By Paul Edwards Published May 2, 2026

You know that moment when you realize you’ve been fooling yourself?

Mine happened at 2 AM on a Thursday, staring at my laptop with bloodshot eyes, responding to emails that absolutely could have waited until morning. I’d been running on four hours of sleep for weeks, convinced I was “crushing it.”

The truth? I was just crushing myself.

After more than a decade of building teams and training high performers, I’ve watched countless people adopt productivity habits that look amazing on paper—and on LinkedIn—but quietly erode their actual performance.

These are the ones that get you praised in performance reviews while your anxiety medication dosage creeps up.

Here are six productivity habits that need to die, along with what actually works instead:

1) The 5 AM club (when you’re not a morning person)

Every CEO profile mentions their 4:30 AM wake-up time.

The message is clear about how real achievers don’t need sleep.

Here’s what they don’t post about: The 2 PM crash that requires three espressos to push through, the irritability that makes every meeting feel like torture, and the decision fatigue that kicks in by lunch because you’ve already been awake for seven hours.

I tried this for six months as I set my alarm for 5 AM, convinced I’d unlock some secret productivity level.

Instead, I became a zombie who made worse decisions faster, my work quality tanked, and I snapped at people over minor issues.

The “extra” morning hours were spent staring at my screen, accomplishing nothing meaningful.

Your circadian rhythm isn’t a weakness to overcome.

Some people genuinely function better at 5 AM, while others hit their stride at 10 PM.

Fighting your natural energy patterns doesn’t make you disciplined.

Track your energy levels for two weeks, and note when you feel sharpest, when you drag, and when complex tasks feel manageable versus impossible.

Afterwards, protect your peak hours for deep work.

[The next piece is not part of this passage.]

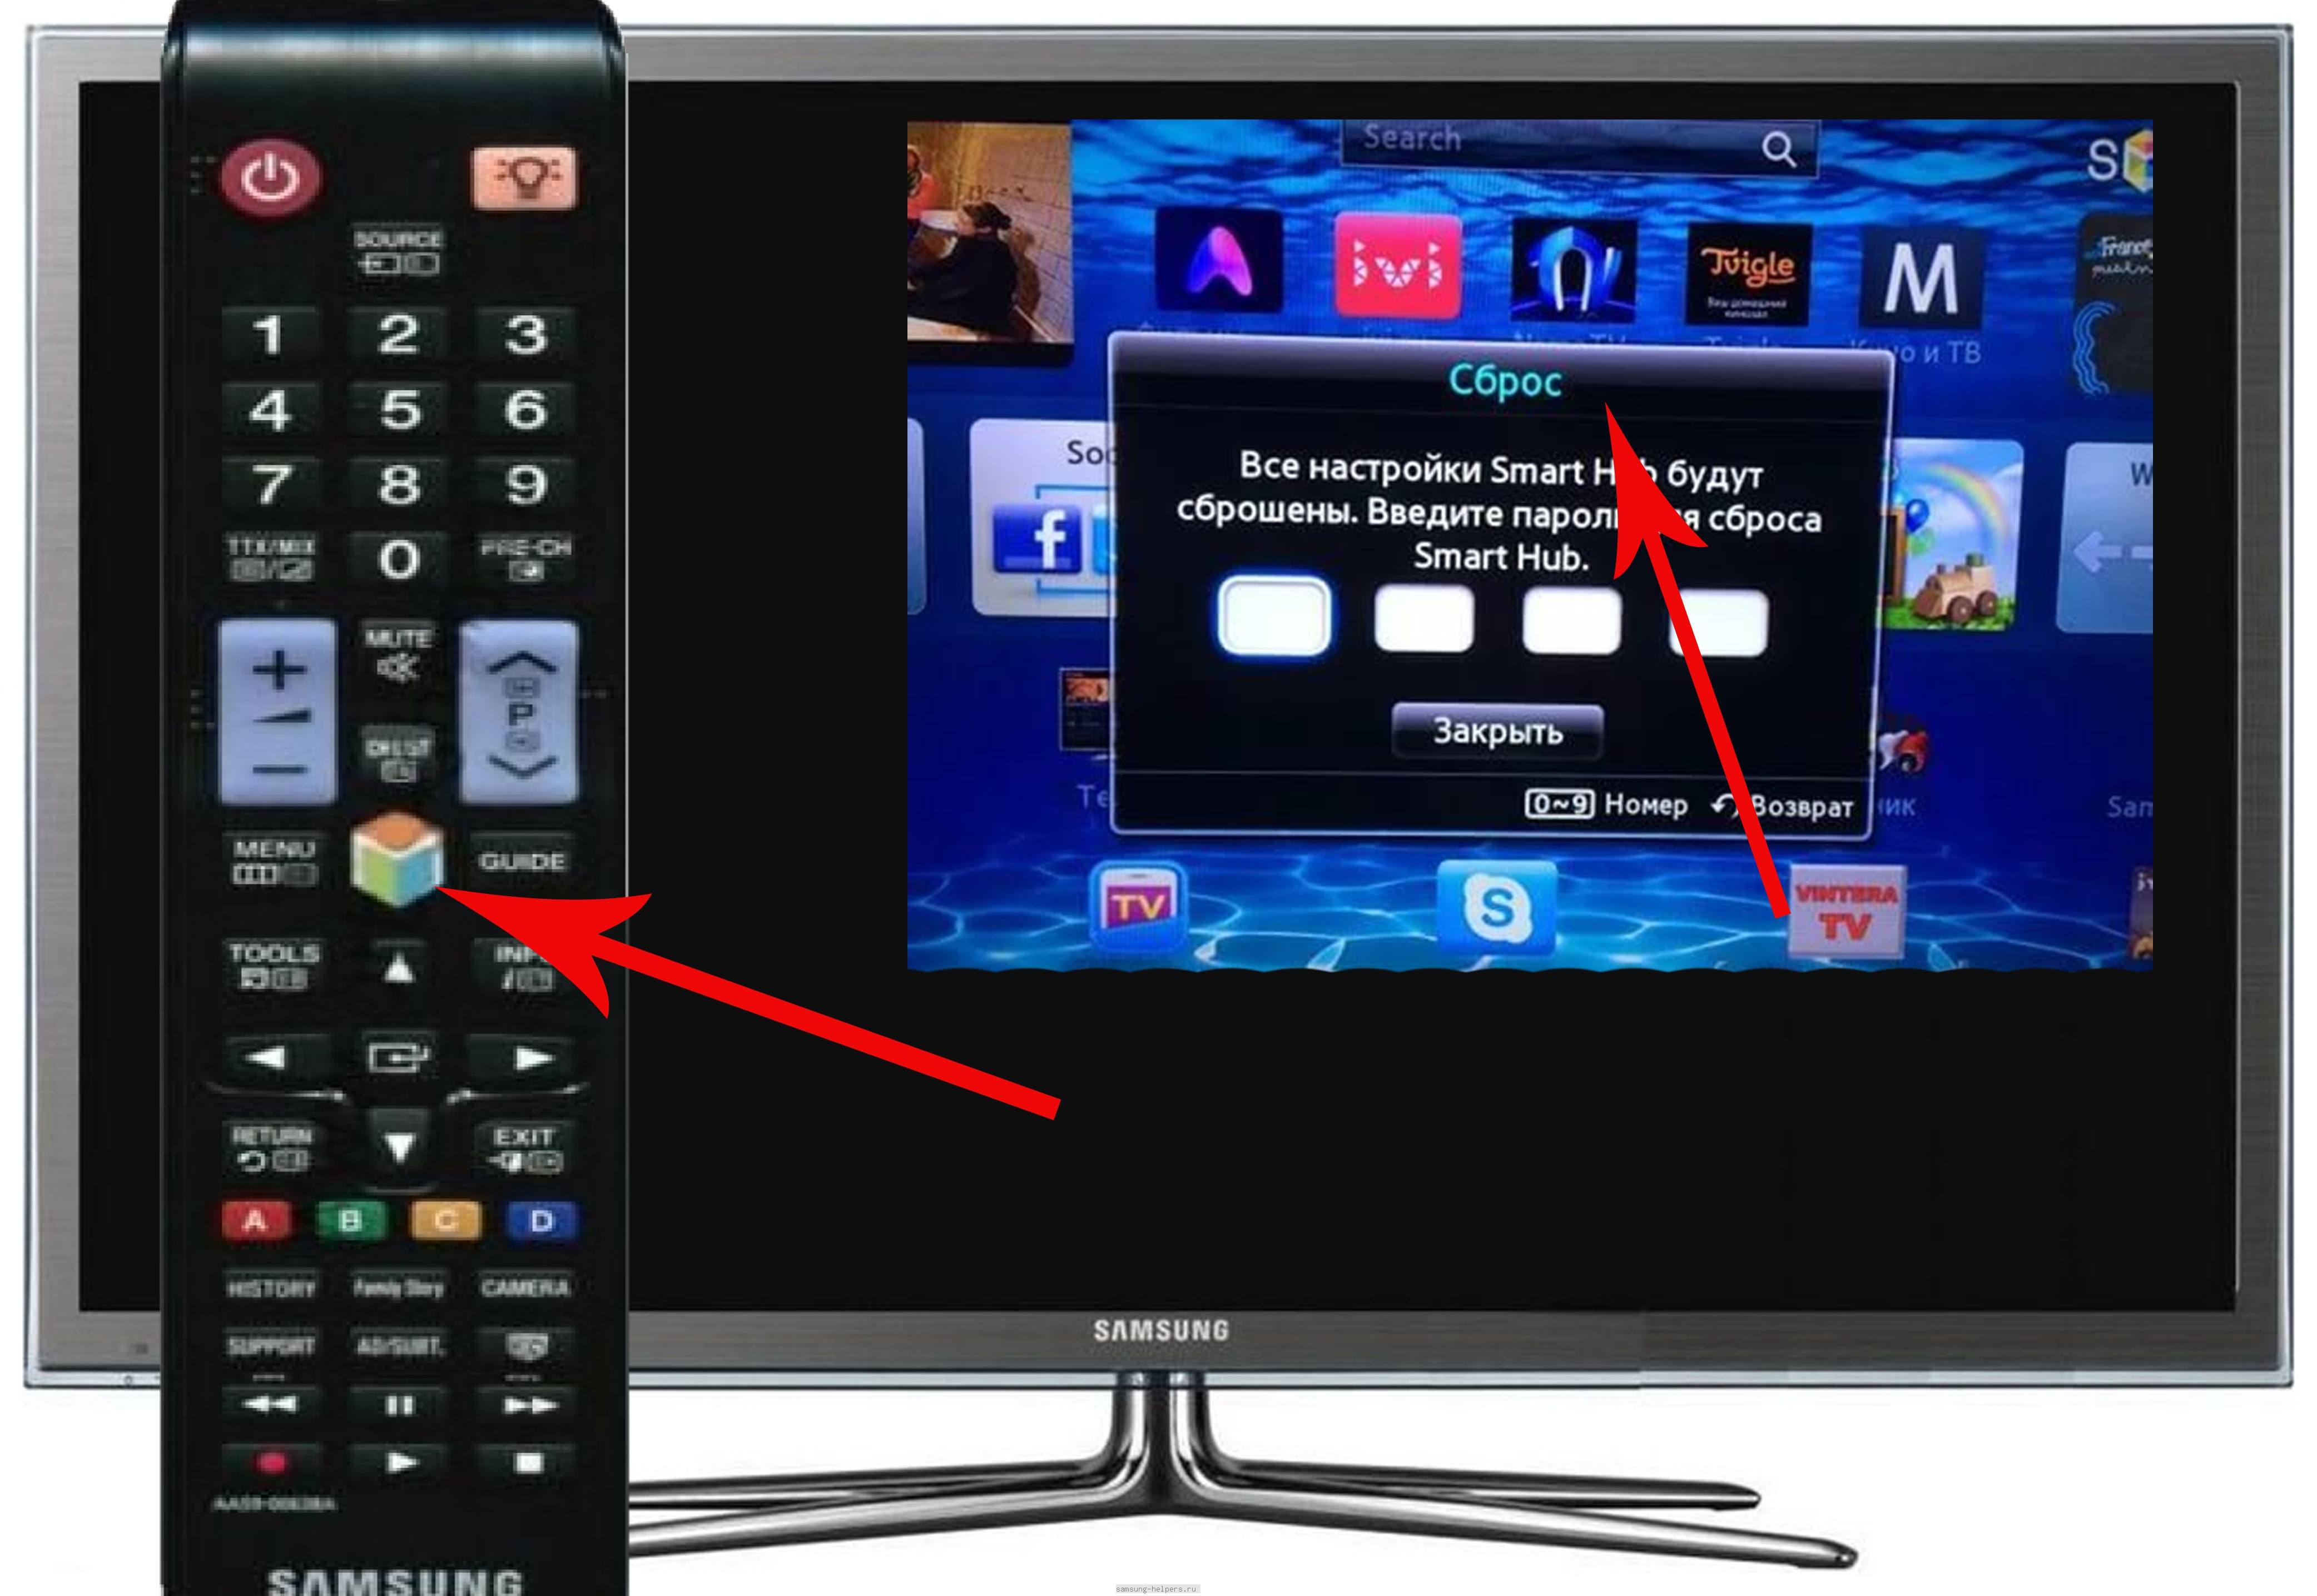 Samsung Tv Codes For Universal Remotes Unlock Samsung Smart Tv Tv Pin Code

Stop apologizing for not being a morning person, and start delivering results when you’re actually capable of producing them.

2) Inbox zero at all costs

Nothing screams “I’m on top of things” like that empty inbox screenshot.

However, here’s what inbox zero actually means: You’ve turned yourself into a human email router, prioritizing other people’s requests over your actual work.

I know someone who spends the first two hours of every day clearing emails.

They’re incredibly responsive, yet they’re also stuck in the same position they held three years ago because they never have time for strategic work.

Every email you answer immediately trains people to expect immediate responses; you become the go-to person for quick questions, which sounds helpful until you realize you’re spending your day on everyone else’s priorities.

Email is a tool, and your job isn’t to have an empty inbox but to produce meaningful work.

Check your emails twice a day—morning and afternoon—and set an auto-responder explaining your email schedule.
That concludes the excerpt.